2D models NSHW require network-input-shape with 4-dimension shape. For example:
network-input-shape= 4;96;224;224 It means max_batch_size: 4, channels 3, sequence_len: 32, height 224, width 224. where 96 = channels x sequence_len.
Assume incoming frame numbers are 1, 2, 3, 4, 5, 6, 7, 8, 9, 10, 11, 12, 13, 14, 15… When subsample=1, the preprocessing custom lib will pick up frame numbers: 1,3,5,7,9… to preprocess sequentially and pass it onto inference as a next-step.
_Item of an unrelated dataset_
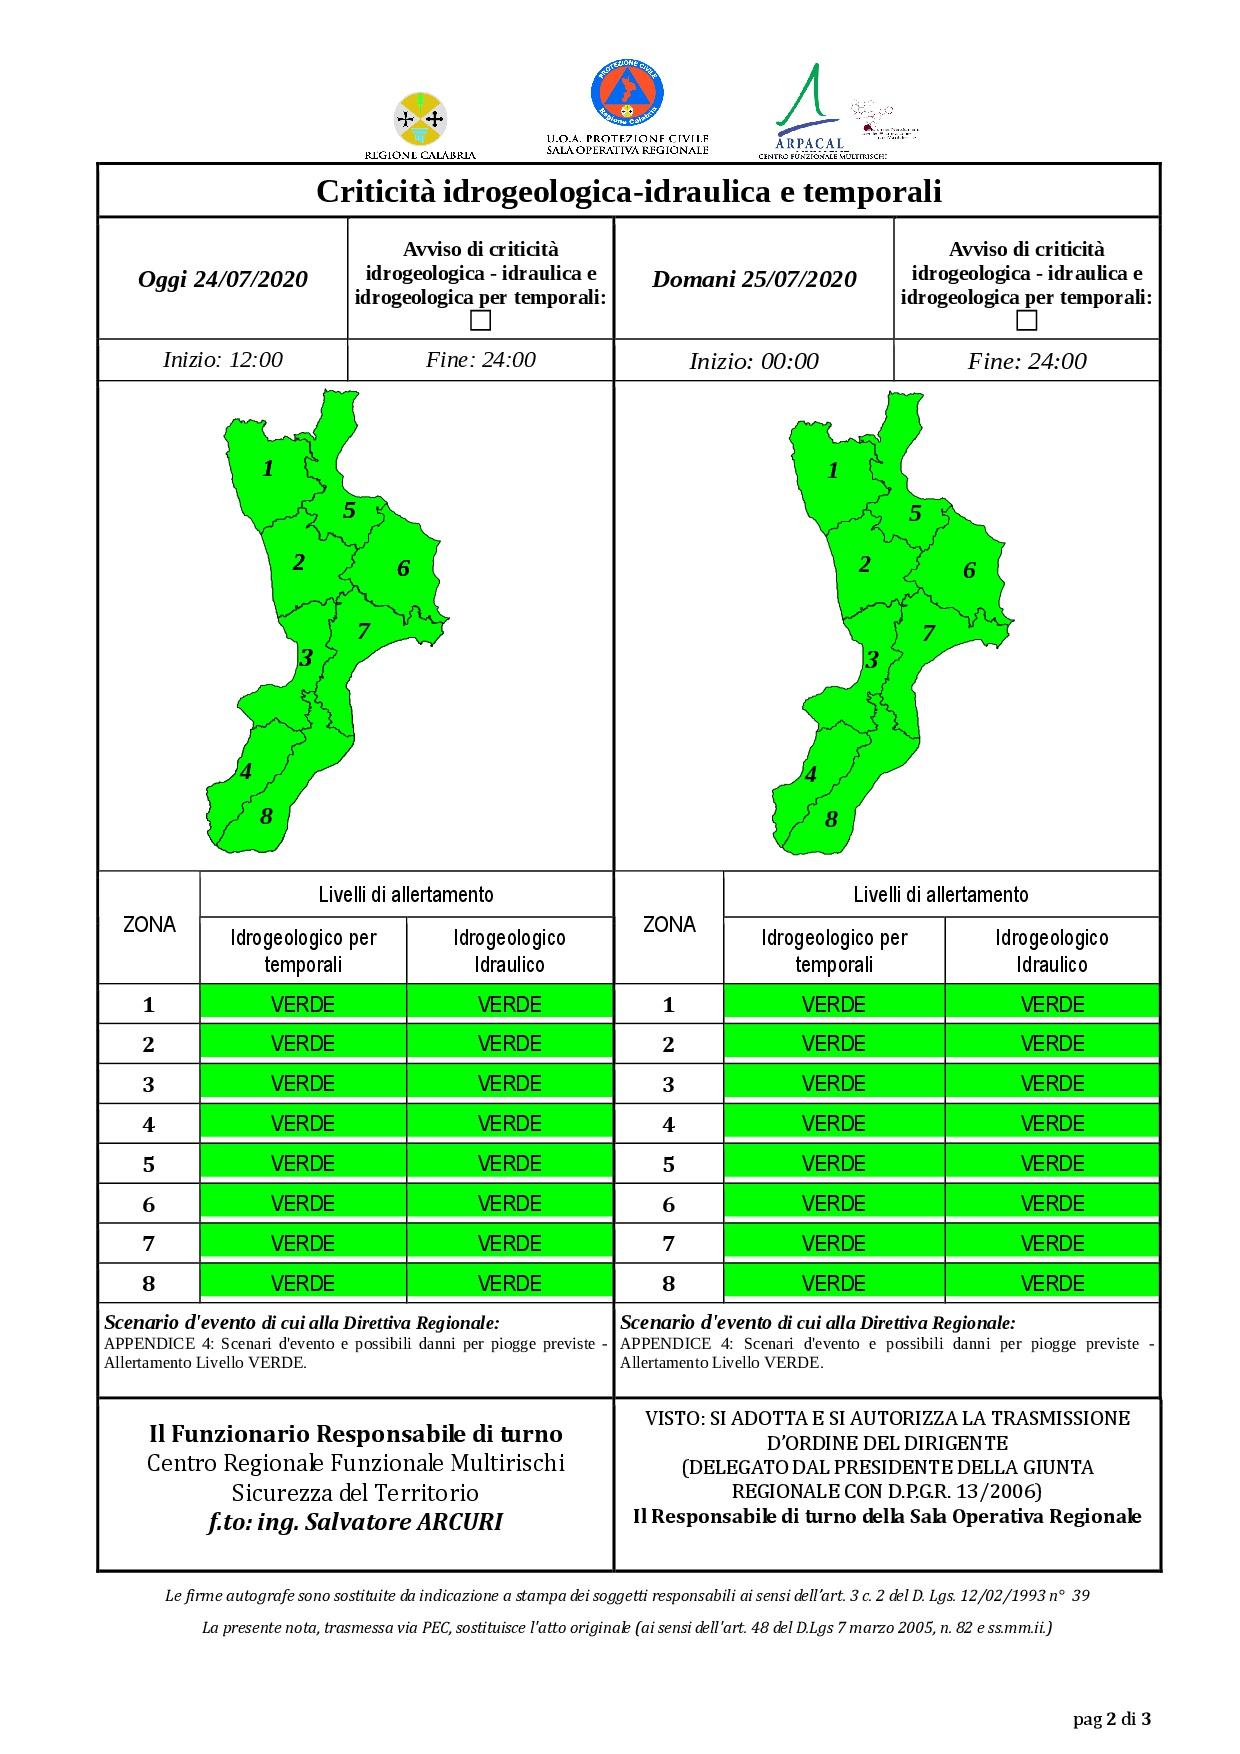 Criticità idrogeologica-idraulica e temporali in Calabria 24-07-2020

Assuming same incoming frame numbers above, For example, when subsample=0, stride=1, the 2 consecutive sliding sequences are:
Batch A: [1,2,3,4,5...] Batch B: [2,3,4,5,6...]
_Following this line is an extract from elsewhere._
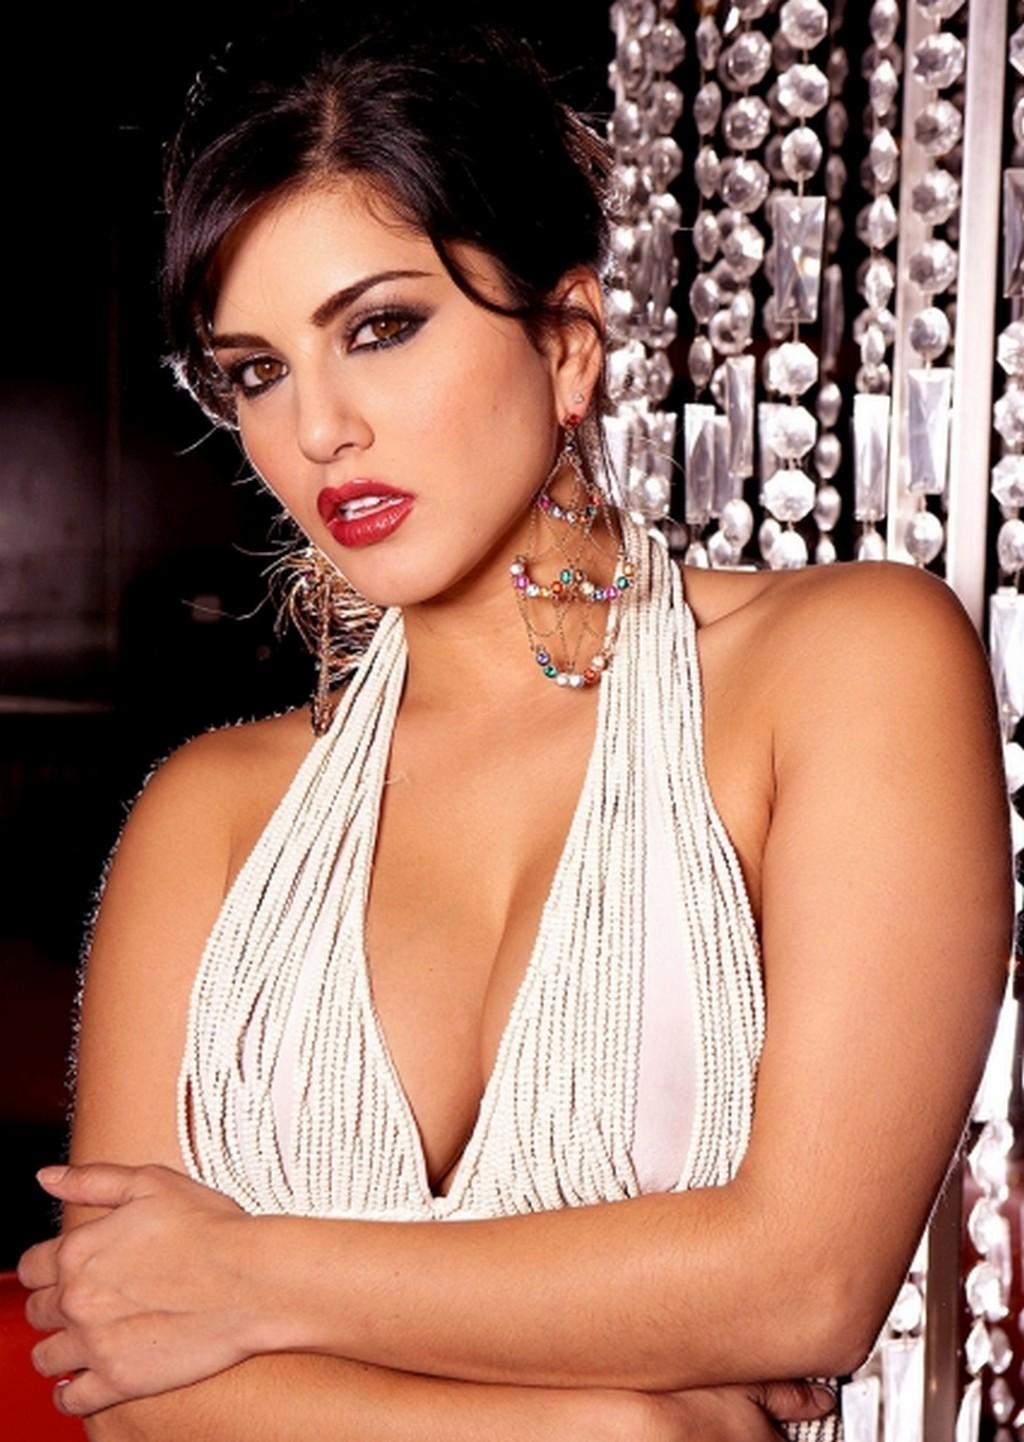 Sunny Leone Latest Spicy White Dress Photoshoot 2013 -5860

When subsample=0, stride=2, the 2 consecutive sliding sequences are:
Batch A: [1,2,3,4,5...] Batch B: [3,4,5,6,7...]
When subsample=1, stride=2, the subsample is performed first, and sliding sequences are on top of subsample results. The processing frame numbers after subsample are: 1,3,5,7,9,11,13,15,17,19… The consecutive sliding sequences on top of them are:
Batch A: [1,3,5,7,9...] Batch B: [5,7,9,11,13...] # 1st frame sliding from frame 1 of Batch A to frame 5 Batch C: [9,11,13,15,17...] # 1st frame sliding from frame 5 of Batch C to frame 9
The image below shows the frame batches with different subsample and stride settings.
Build Custom sequence preprocess lib and application From Source¶
Go to folder sources/apps/sample_apps/deepstream-3d-action-recognition.
Run the following commands:
$ make $ make install
Check source code and comments to learn about implementation of other order formats e.g. NSCHW(NDCHW).